I chatted to Bonang Mohale, Chairman of Shell Marketing SA (Pty) and President of the BMF on Cliffcentral Leadership Platform recently. He is small in stature, yet has an energy and personality larger than life. When he enters a room he infuses it with energy and engages people in like manner. He radiates the hope that achieving is within anyone’s grasp.

He was raised in Katlehong in a family of seven siblings, poor but happy. Mom started out as a domestic then turned into an entrepreneur. His Father spent his entire career at SA Railways but passed away when Mohale was in Grade eleven. He assisted in putting his younger siblings through school as a photographer and later even became a professional one at that. This skill also put him through university and gave him the means to pay lobola to the parents of his then wife to be.

CC bonang mohale
Bonang Mohale with the Leadership Platform team

Originally Mohale wanted to become a doctor, but while studying towards it his eyes opened up to other career possibilities, like becoming a manager in the corporate environment. He joined the Pharmaceutical industry as a representative and worked his way to the top of this field, then jumped to Otis Lifts as the MD for five years. This happened during a time of our countries history when it was the absolute exception for a black man to be in a senior position. There after he was also the CEO of Drake & Scull for six years where the company started with three employees and grew to about 1500 by the time he left. From there he moved to Shell.

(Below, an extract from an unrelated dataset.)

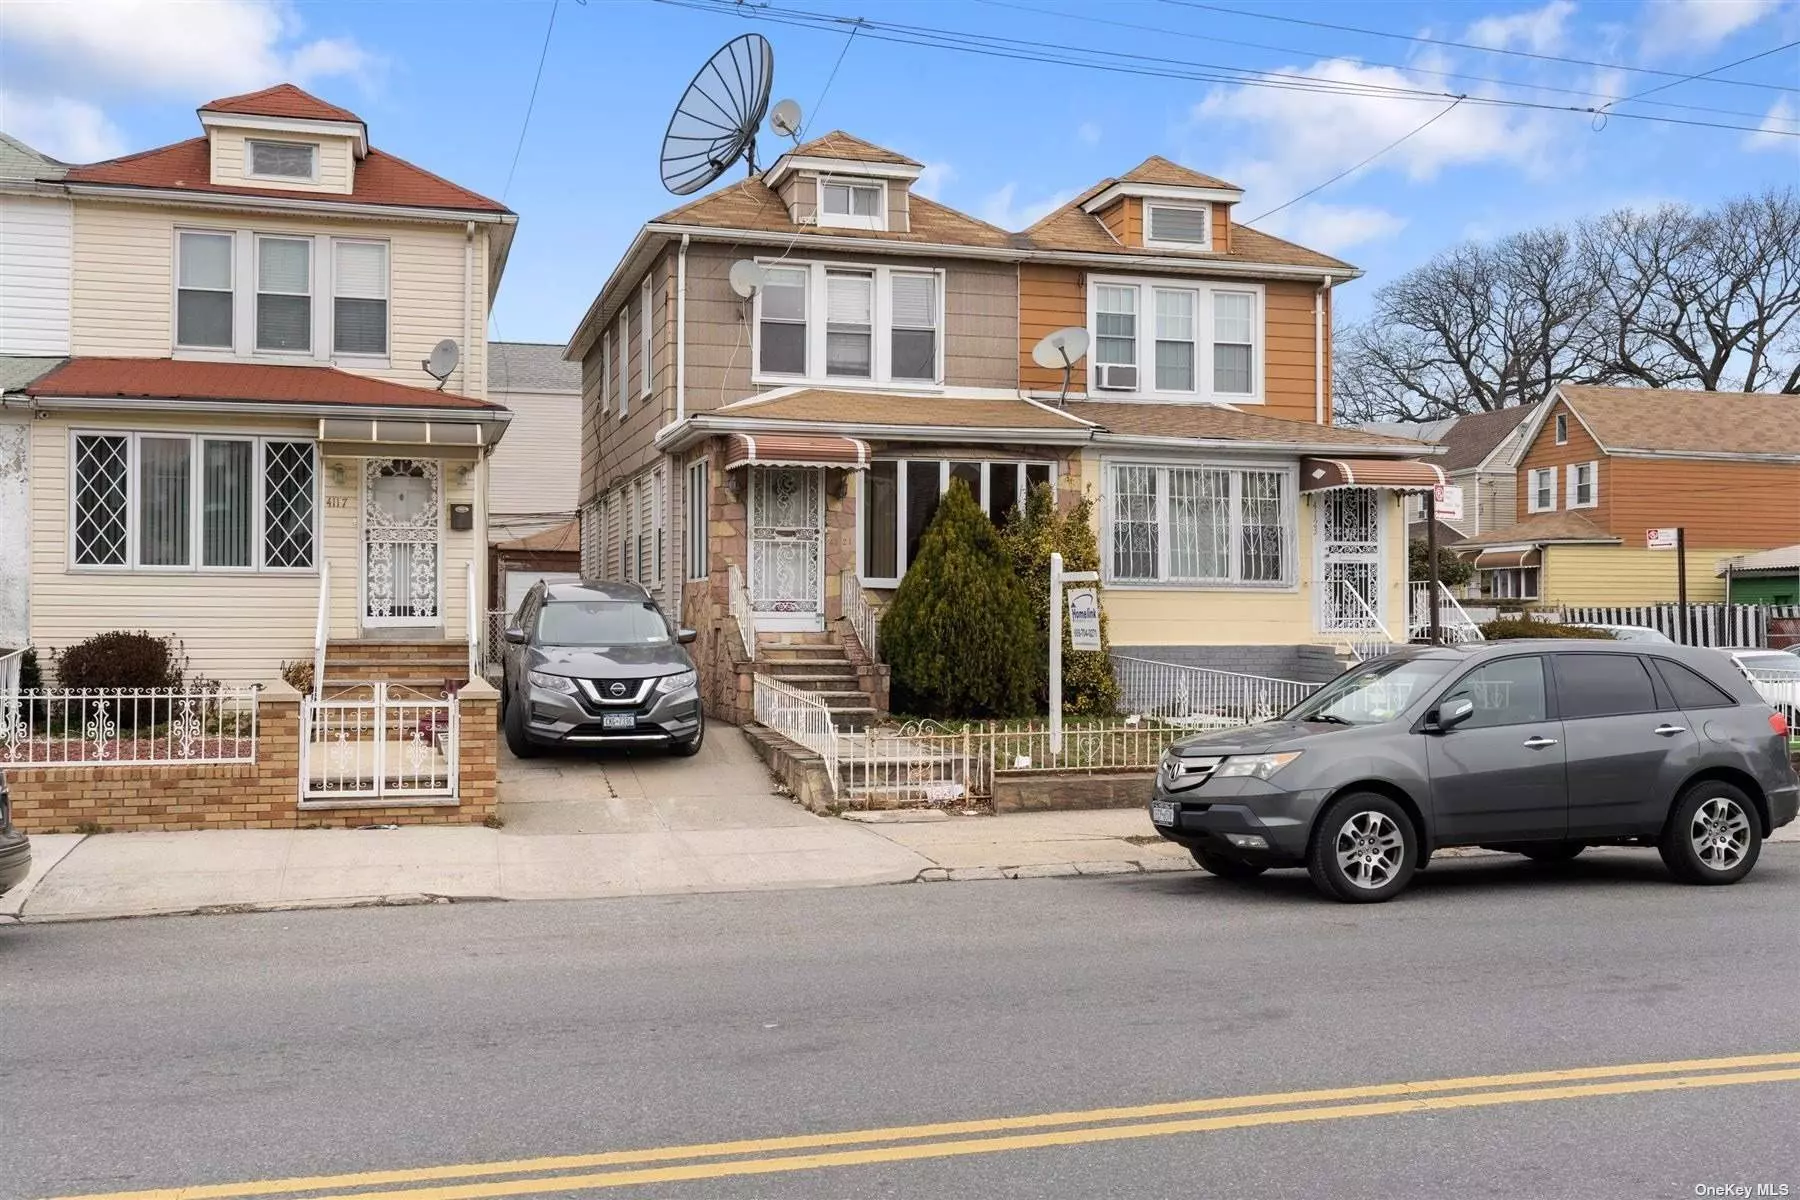 New to market One Family Semi-detached REO home in the heart of East Flatbush finished basement, and 2 car detached garage. Home needs interior renovations, great bones to work with! This property is bank owned, and will accept mortgaged offers.
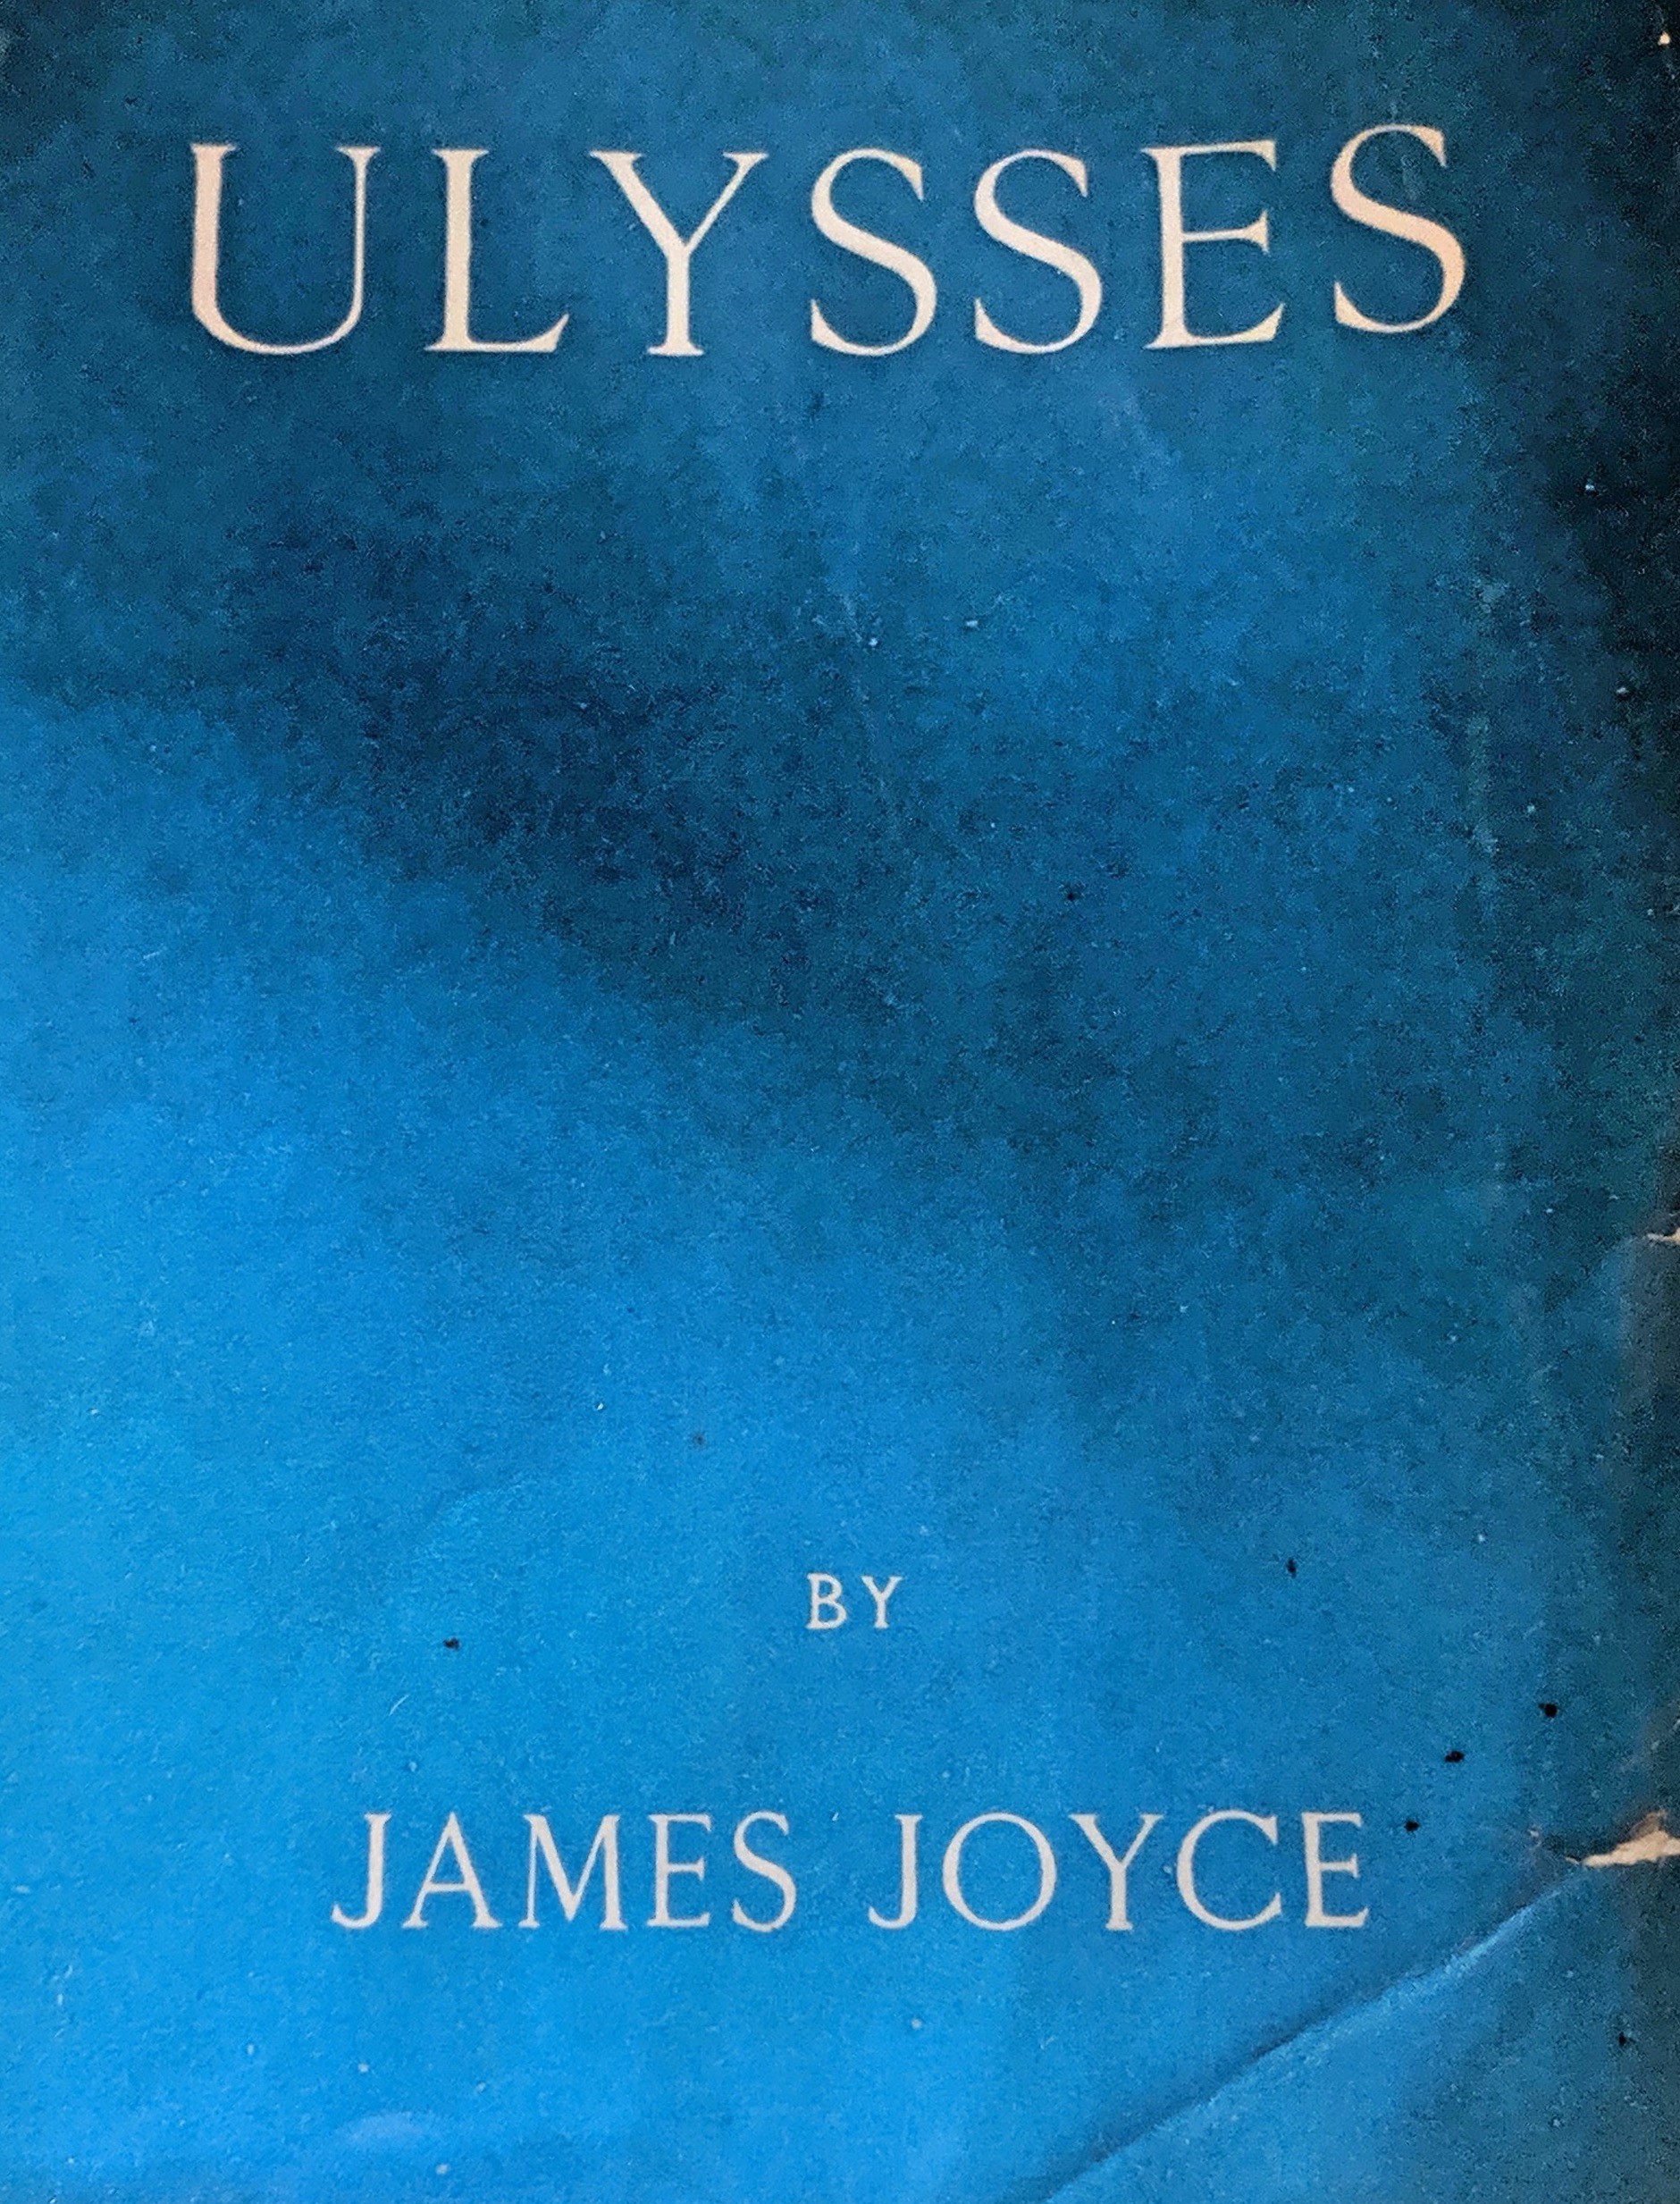 First edition of Ulysses in Greek colours – white letters on a blue background. Image: Anthony Akerman

It seems what drove him to success is also the underlying reason for his energy:

  • Fear of poverty – “not landing up in an environment or state where one cannot be the best one can be,” says Mohale
  • Rubbing shoulders with individuals like Wiseman Nkuhlu, Wendy Luhabe, Lot Ndlovu, and others that imbued in him a will, dedication to succeed
  • A desire to be a great role model to himself and others

Somewhere on his career path he also consciously committed to the following:

  • To always produce embarrassingly good results
  • To always remain connected and married to his wife Susan
  • He would always remember that what he accomplished was partly as a result of the efforts, directly or indirectly, of others in his life. He explains: “Coming from a township I knew others were rooting and even praying for me. I realize that others have gone before me to prepare the way”
  • To be connected spiritually, that he was here for a purpose

Mohale’s guiding principles and values are powerful, firstly because they assist him in avoiding the arrogance trap, which more often than not is the downfall of leaders; and secondly they direct him towards getting involved in society, which is a good thing for SA. He transcends barriers like negativity, unsubstantiated criticism and race that so often permeates our country. Mohale is the ideal leader to take the BMF and South Africa to the next level, driven by purpose and a bigger picture, not by ego.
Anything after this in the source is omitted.